ラグランジュ点(正確にいうと、L2点)にいれば、太陽、地球、望遠鏡の3つは一直線上に並び、ちょうど星の重力と、衛星の速度が均衡して宙に浮かんだまま、位置を保つことができる。望遠鏡から見て、地球と太陽は同じ方角に並ぶため、その面に遮光板を設けることで、地球や太陽からの赤外線を遮断できる。

・観測に必要な反射鏡が直径6.5メートルと巨大なため、通常の打ち上げロケットには収まらない。そのため、打ち上げ時点では、機構を折りたたんだ形で発射し、軌道に乗せてから、それを展開する‥というアプローチが採られた。

・その展開の段階でトラブルが起これば、計画が即座に破綻する。(ハッブル宇宙望遠鏡は初期不良に対し、宇宙飛行士が現地へ赴き、手作業で修繕作業を行ったこともある。JWSTは150万km先なので、修理することは不可能だ)そのため、打ち上げ段階で、安定して成功する設計精度が求められるプロジェクトだった。そのため、綿密なテスト工程が必要となったこともあり、開発は難航した。

・JWSTの開発が手こずる間、ハッブル望遠鏡の稼働を予定より延長する形で、宇宙研究は行われた。ハッブル宇宙望遠鏡は当初予定の2倍以上稼働して、間をつなぎ、たくさんの成果を出した。


以上、ひとつひとつのスケールが大きい話だ。

NASAが開発に費やした1997~2021年の24年間に、アメリカの大統領は5人を経て、アフガンとイラクとシリアで戦争をした。そのあいだも、JWSTは、ずっと構想と開発が続けられていたということになる。
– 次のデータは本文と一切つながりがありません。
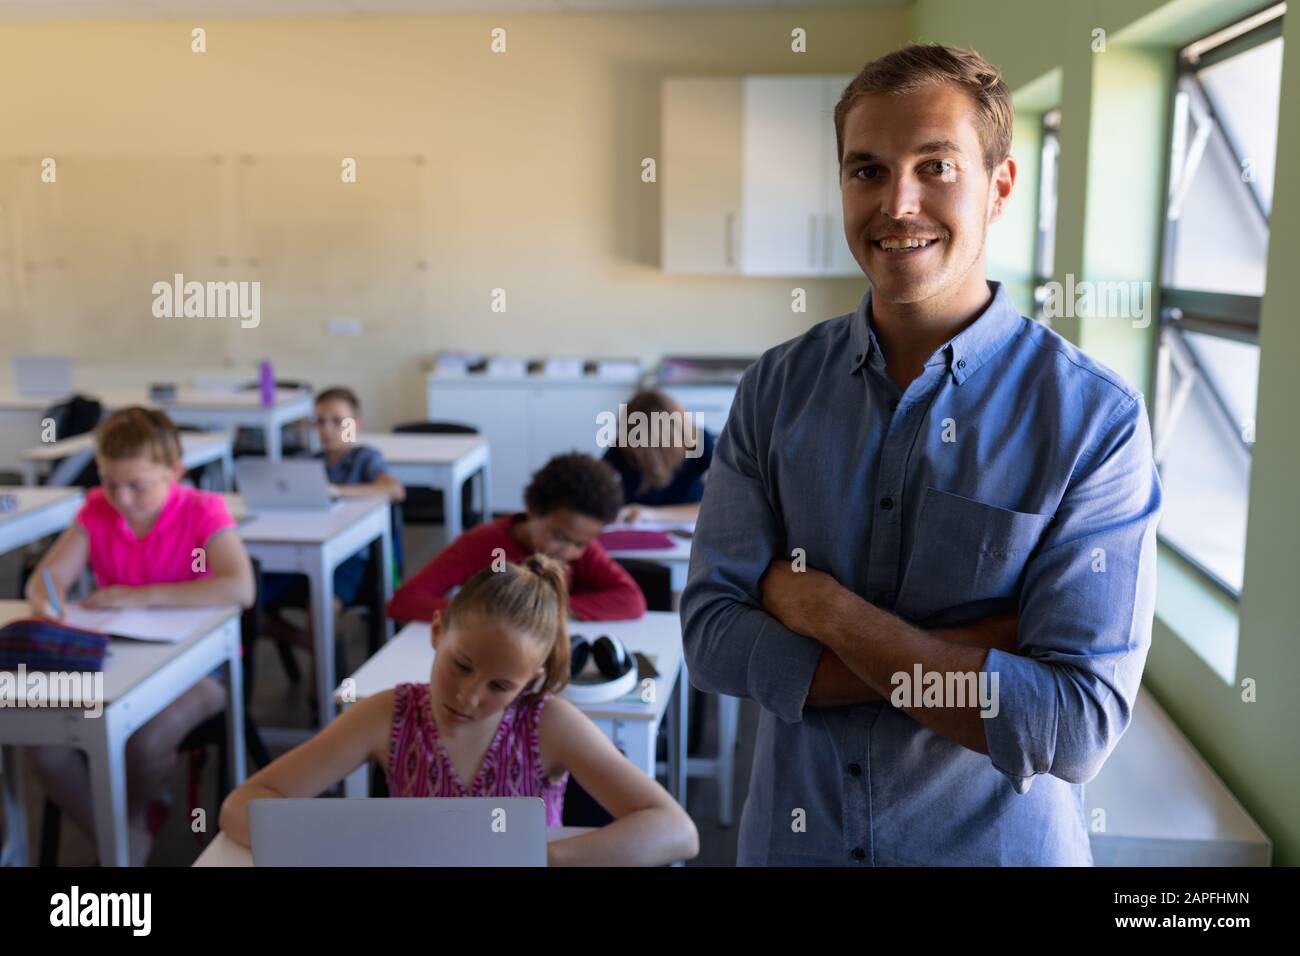 Male school teacher standing with arms crossed in an elementary school classroom Stock Photo

その間に、半導体の集積性能は1000倍以上、伸びた。現在、JWSTには、68GBのSSDがストレージとして搭載されて、150万キロ先の宇宙を漂っている。

■はるか彼方にある、はじまりの光
JWSTが持つ最重要ミッションは、宇宙誕生の約2億年後以降に輝き始めたとされる「ファーストスター」を初観測することである。そのためには、約136億年前に生まれた、はるか遠い星が発する微弱な赤外線を観測できる必要がある。ファーストスターの実態が分かれば、初期の宇宙で本当に何が起きたか解明できる可能性が広がる。

ハッブル宇宙望遠鏡では、30年かけても、ファーストスターは発見できなかった。JWSTの持つ性能ならば、その深淵に辿り着いてくれるに違いない。

その他のミッションとしては、「太陽系の9つ目の惑星を見つける」という任務もあるようだ。(通称プラネット・ナイン。2014年より存在が提唱されているが、まだ観測はなされていない星)これは、JWSTの観測能力をもってすれば、直接の発見が近いうちに叶う可能性が十分にある。それも興味深い。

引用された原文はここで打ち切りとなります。